There can be little question that gold prices were driven higher by managed money technical fund buying (and commercial selling) on the COMEX, same as ever. Thus, the reasonable assumption is that the headline numbers (commercial and managed money) rose as much as the increase in total open interest (by 50,000 to 60,000 contracts). Should we get such a large increase in commercial selling and managed money buying, that would put the total commercial net short position in COMEX gold futures around 230,000 to 240,000 contracts, the highest (most bearish) level in seven or eight months.

Therefore, using the past year as a guide, the market structure in gold is now more bearish than it has been since just before Election Day. Going back to the price peaks of last summer, there are still close to 100,000 contracts that could be bought by the technical funds and sold by the commercials before the market structure in gold hits historic negative extremes. If my estimates for what the gold report will show are accurate, it would mean we are also 100,000 contracts away from the most bullish levels of the past year and seen as recently as the early May bottom.

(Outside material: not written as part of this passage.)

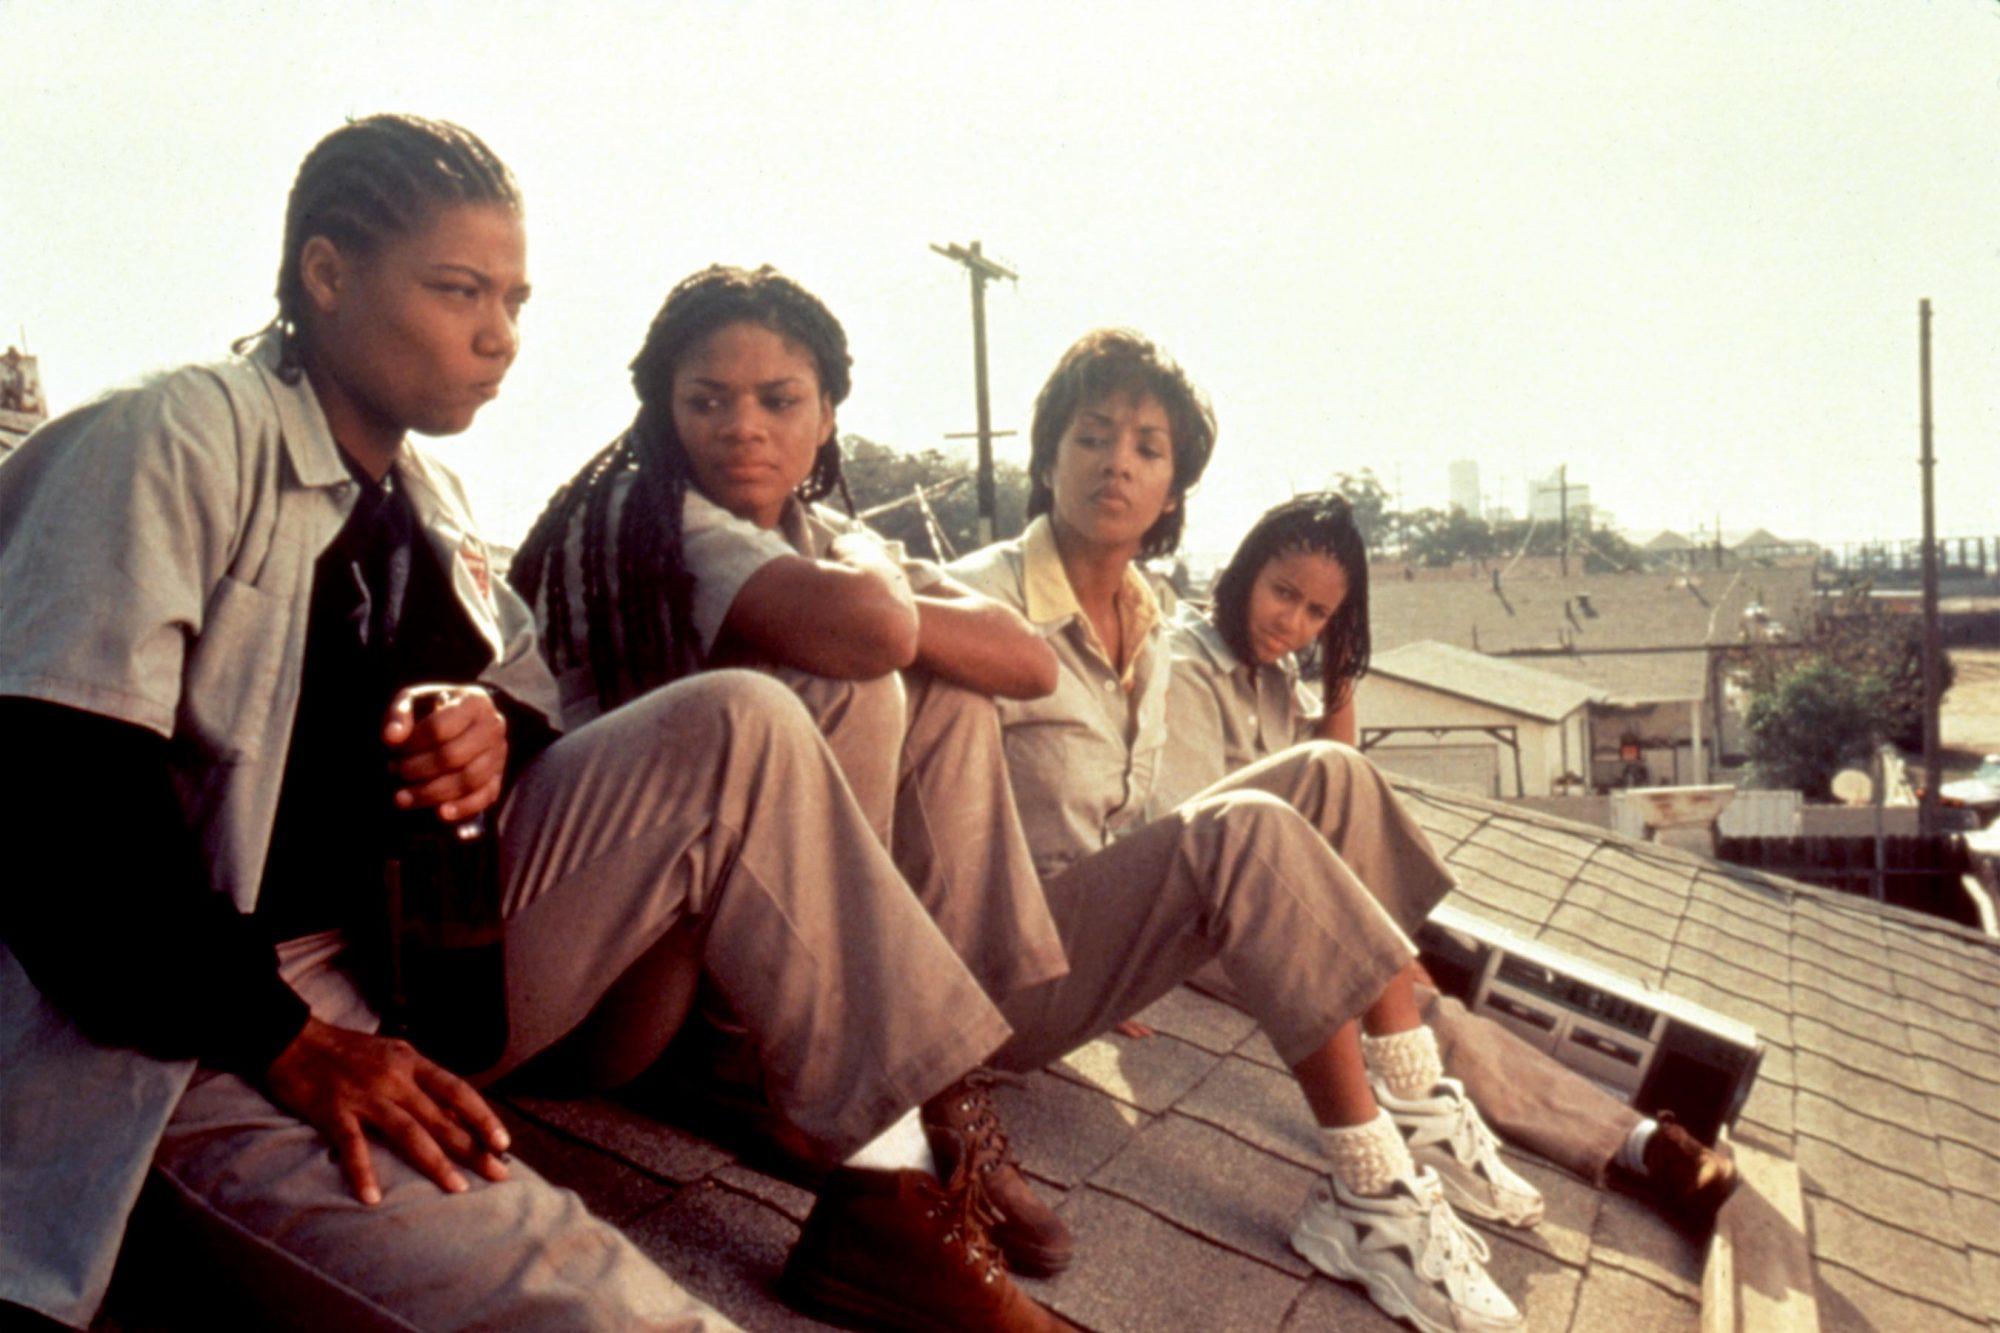 SET IT OFF, Queen Latifah, Kimberly Elise, Vivica A. Fox, Jada Pinkett, 1996, (c)New Line Cinema/courtesy Everett Collection

In other words, we are about 100,000 contracts both above the most recent bullish readings in gold and the same number of contracts below the most bearish historical readings, another definition of the word “neutral”. We are, as noted, also at the most recent (7 to 8 months) bearish readings in gold market structure. One can never know for sure whether the next wave of positioning will feature technical fund buying or selling, even though we can be sure that that is what moved gold prices to date. If I had to guess, I would suppose there will be more technical fund buying ahead, given the momentum to the gold move so far. And who knows, there could very well be some impact to gold trading, given the surprise CFTC announcement.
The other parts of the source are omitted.